Pirates, bandits, and smugglers have bedeviled governments since time immemorial. Politicians and media today obsess over terrorism and trafficking in drugs, arms, people and money. Far less is said or known, however, about the expanding global reach of the police, prosecutors, and agencies like Interpol and Europol charged with targeting transnational crime. In this illuminating history that spans past campaigns against piracy and slavery to contemporary campaigns against drug trafficking and transnational terrorism, Peter Andreas and Ethan Nadelmann explain how and why prohibitions and policing practices increasingly extend across borders. The internationalization of crime control is too often described as simply a natural and predictable response to the growth of transnational crime in an age of globalization. Andreas and Nadelmann challenge this conventional view as at best incomplete and at worst misleading.

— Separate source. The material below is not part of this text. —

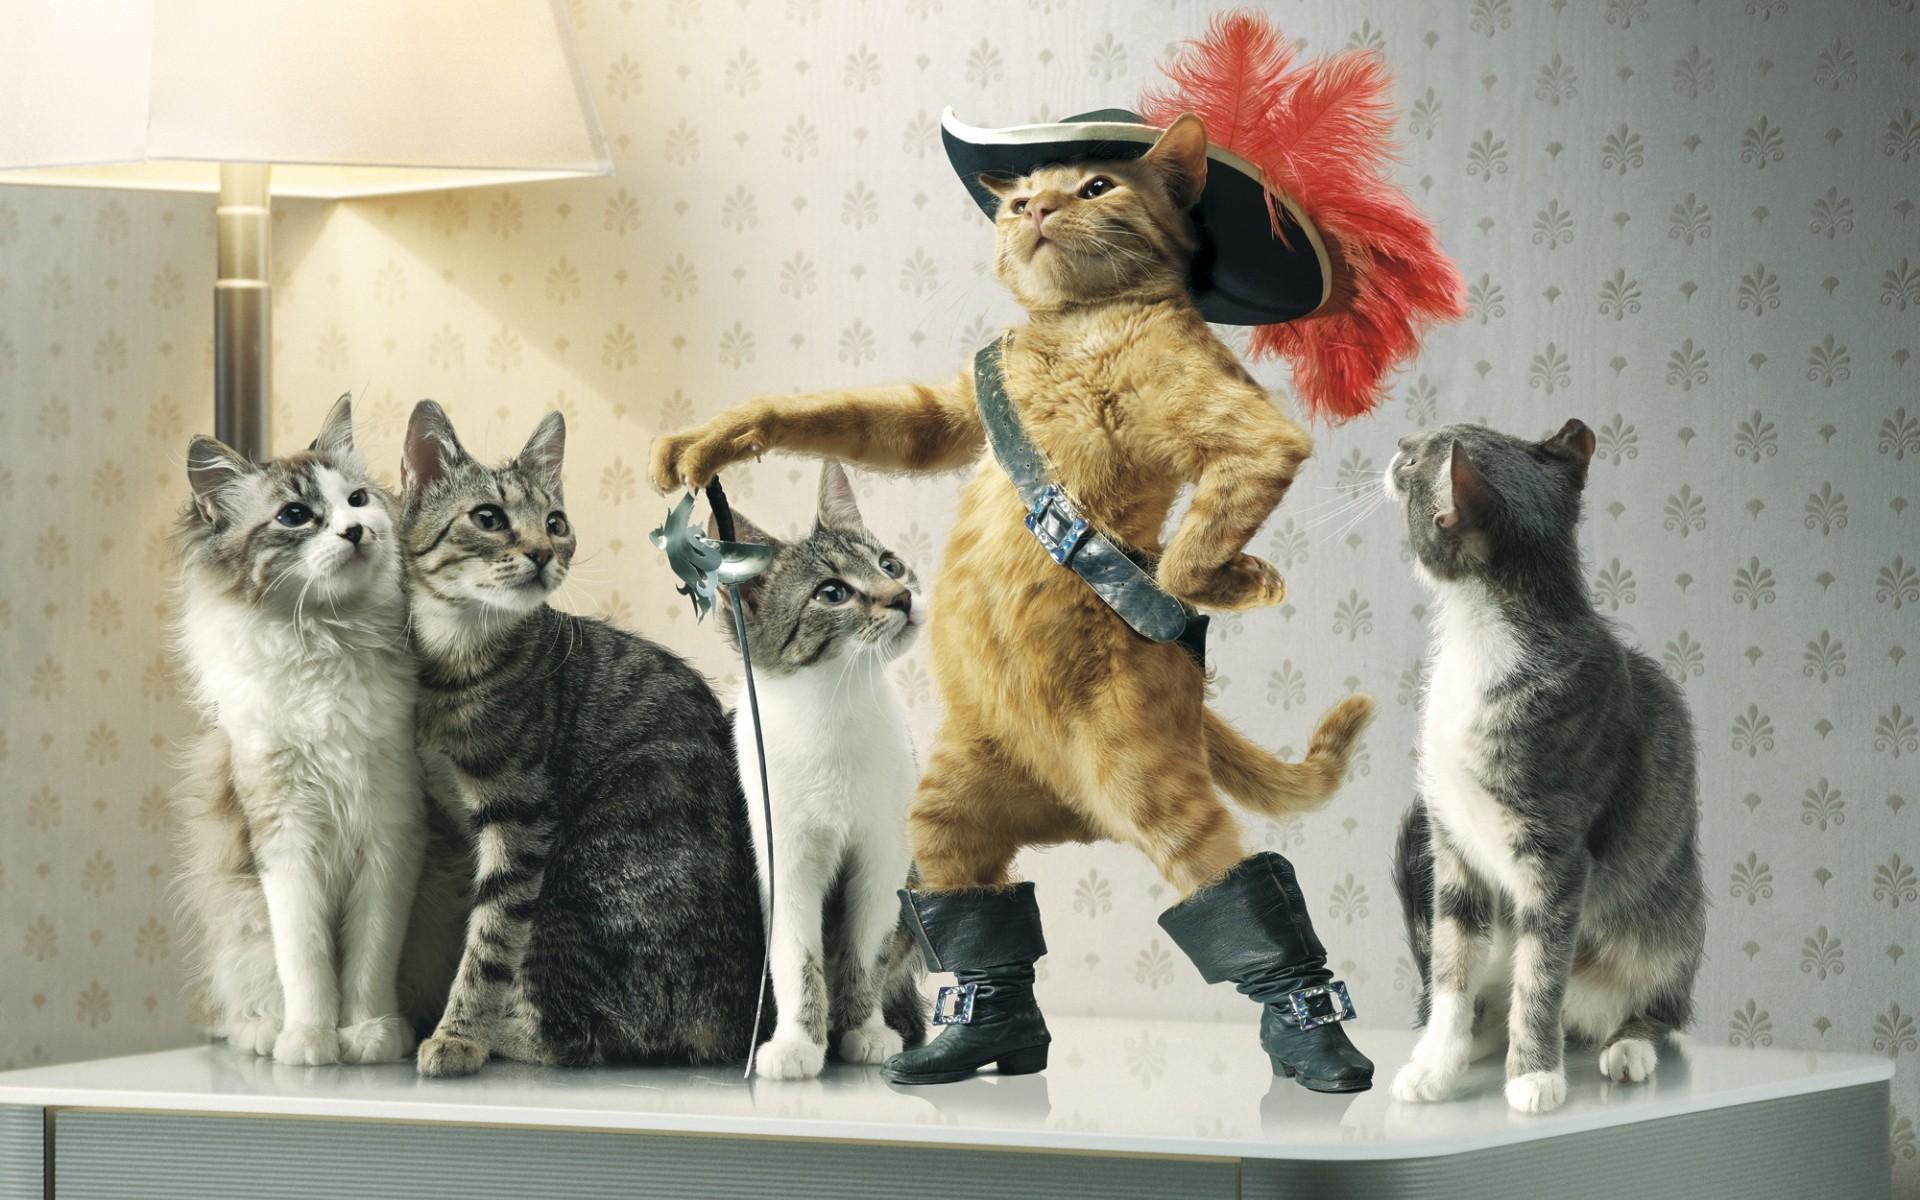 General 1920x1200 cats animals Puss in Boots Raiden humor

The internationalization of policing, they demonstrate, primarily reflects ambitious efforts by generations of western powers to export their own definitions of "crime," not just for political and economic gain but also in an attempt to promote their own morals to other parts of the world. A thought-provoking analysis of the historical expansion and recent dramatic acceleration of international crime control, Policing the Globe provides a much-needed bridge between criminal justice and international relations on a topic of crucial public importance.
Peter Andreas is Associate Professor of Political Science and International Studies at Brown University. Ethan Nadelmann is Executive Director of the Drug Policy Alliance.